Task description >> All lines in the records below from the line with "photo of a young" through the line with "Happy New Year" are to be given again exactly, both ends included; the pictures are to be left out.

### Exercise material ###

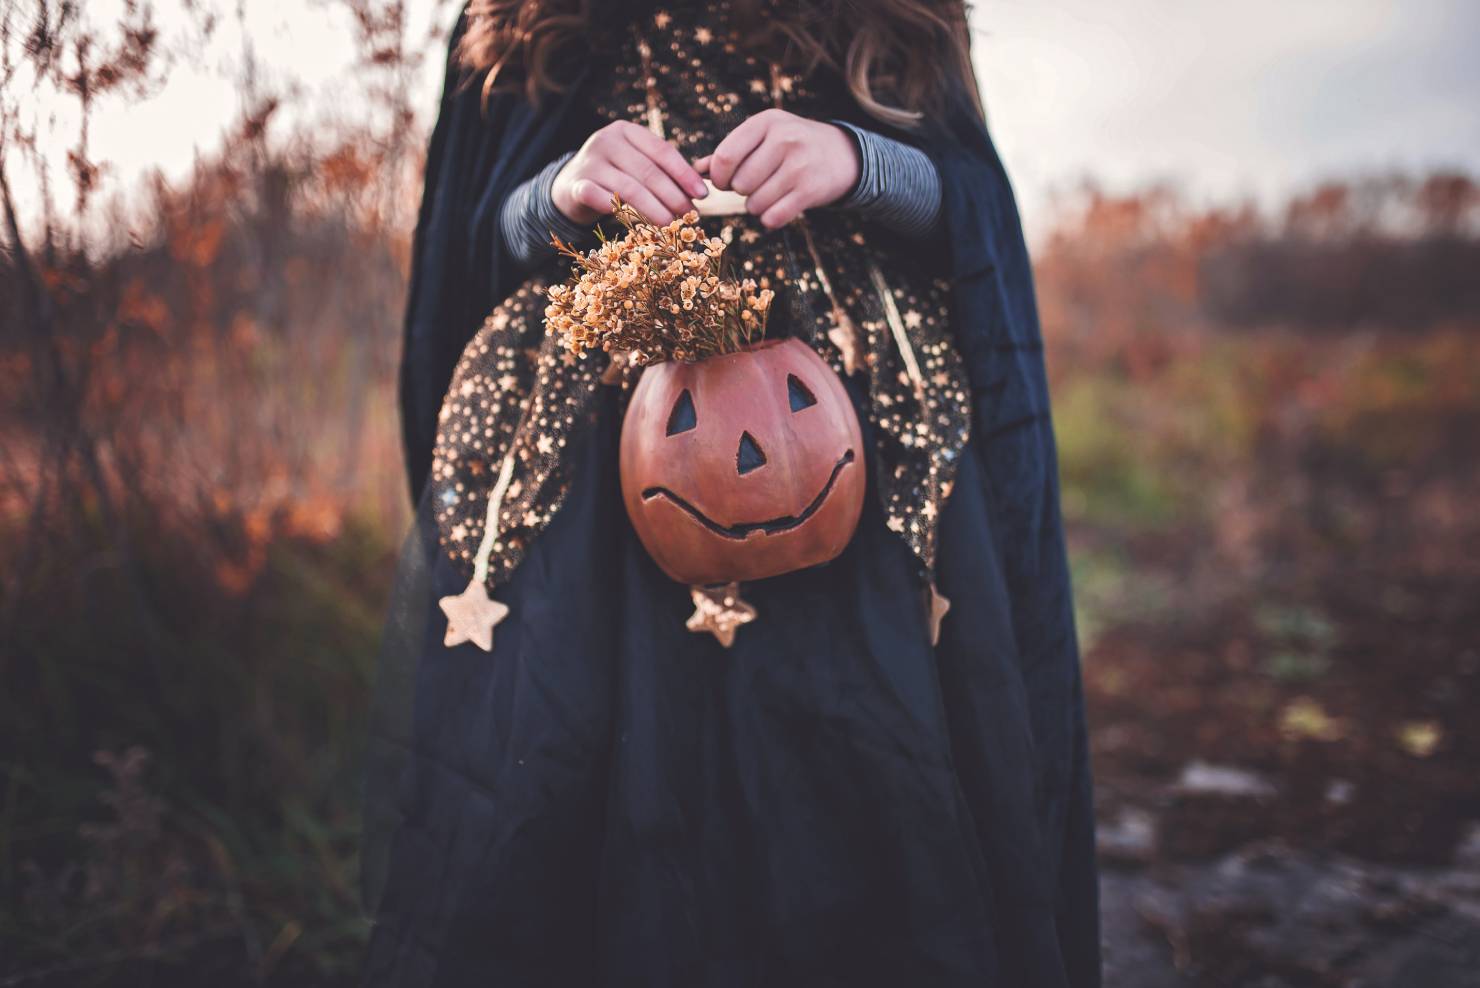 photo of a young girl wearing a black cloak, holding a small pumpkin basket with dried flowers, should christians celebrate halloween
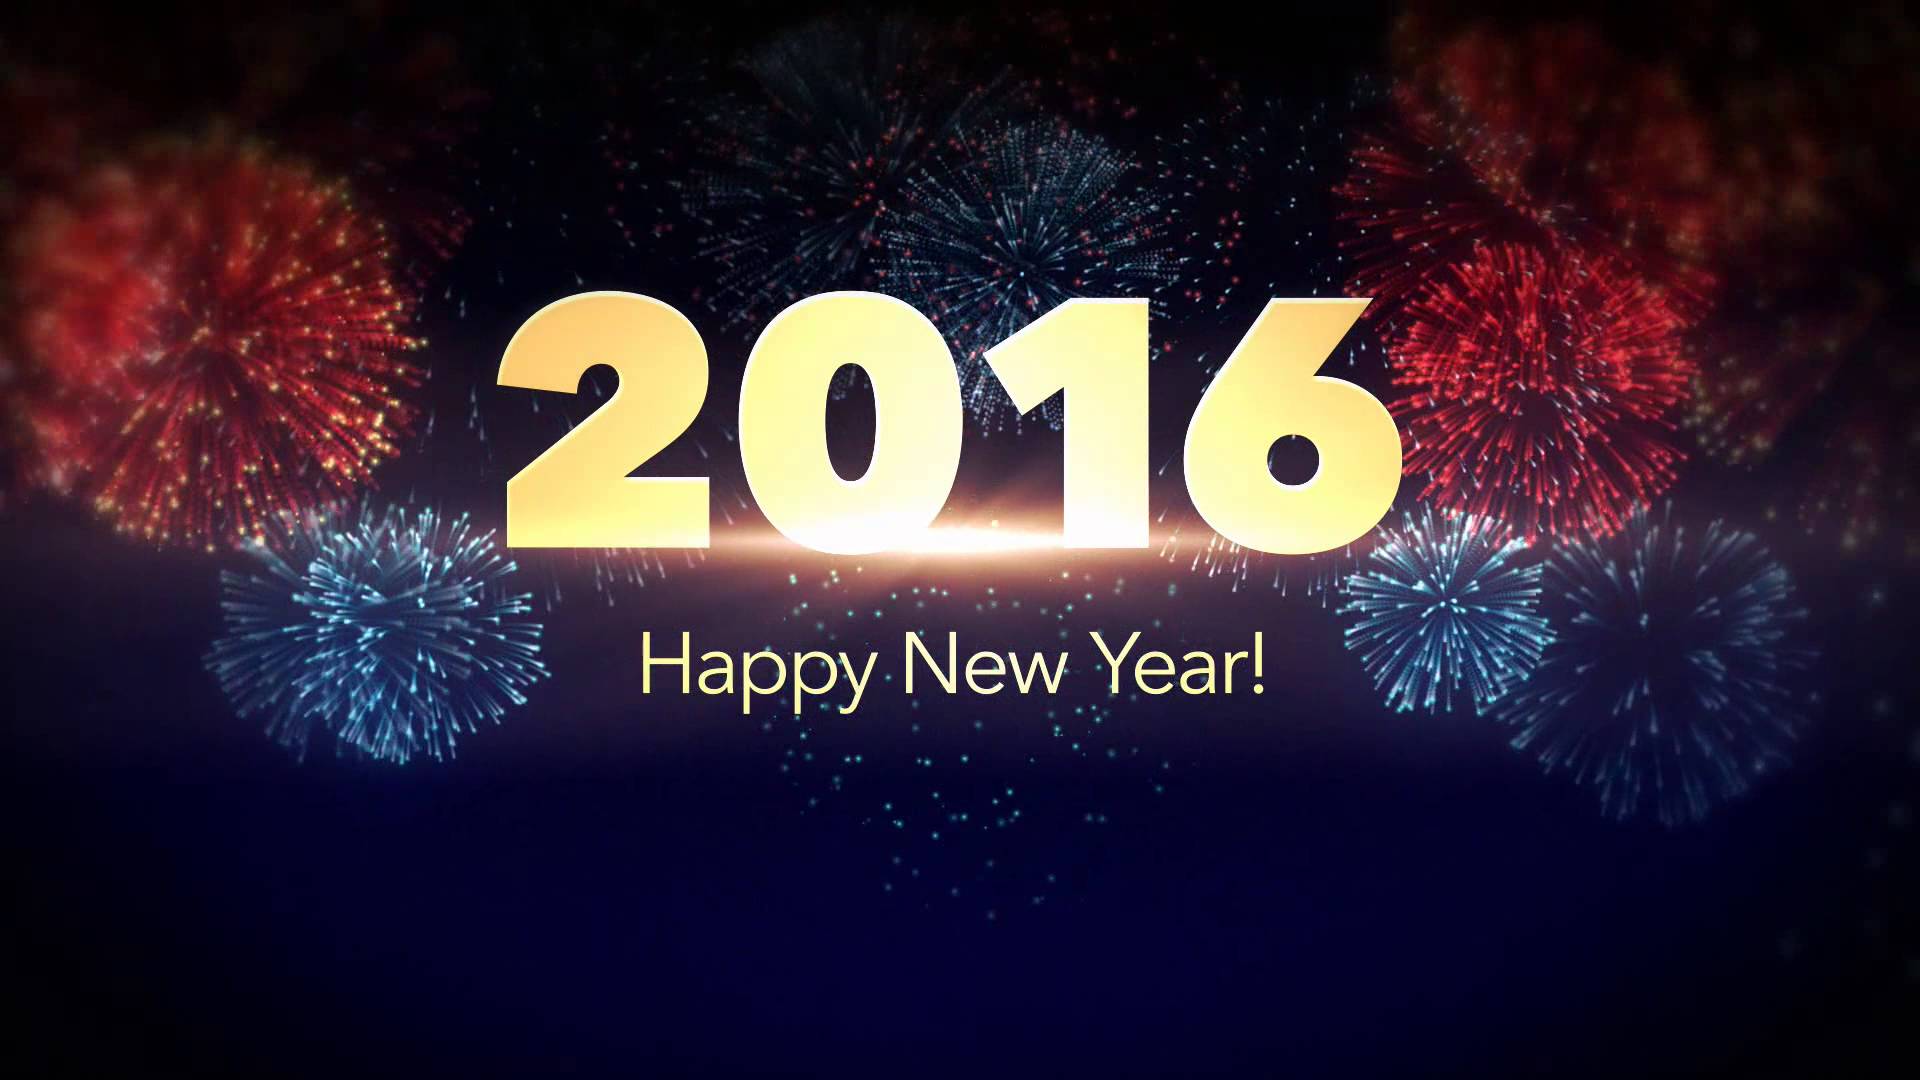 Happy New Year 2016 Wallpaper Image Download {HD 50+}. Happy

###
### Exercise material ###

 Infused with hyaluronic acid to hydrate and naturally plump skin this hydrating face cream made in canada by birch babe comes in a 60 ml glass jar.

###

Task solution >>
 photo of a young girl wearing a black cloak, holding a small pumpkin basket with dried flowers, should christians celebrate halloween
 Happy New Year 2016 Wallpaper Image Download {HD 50+}. Happy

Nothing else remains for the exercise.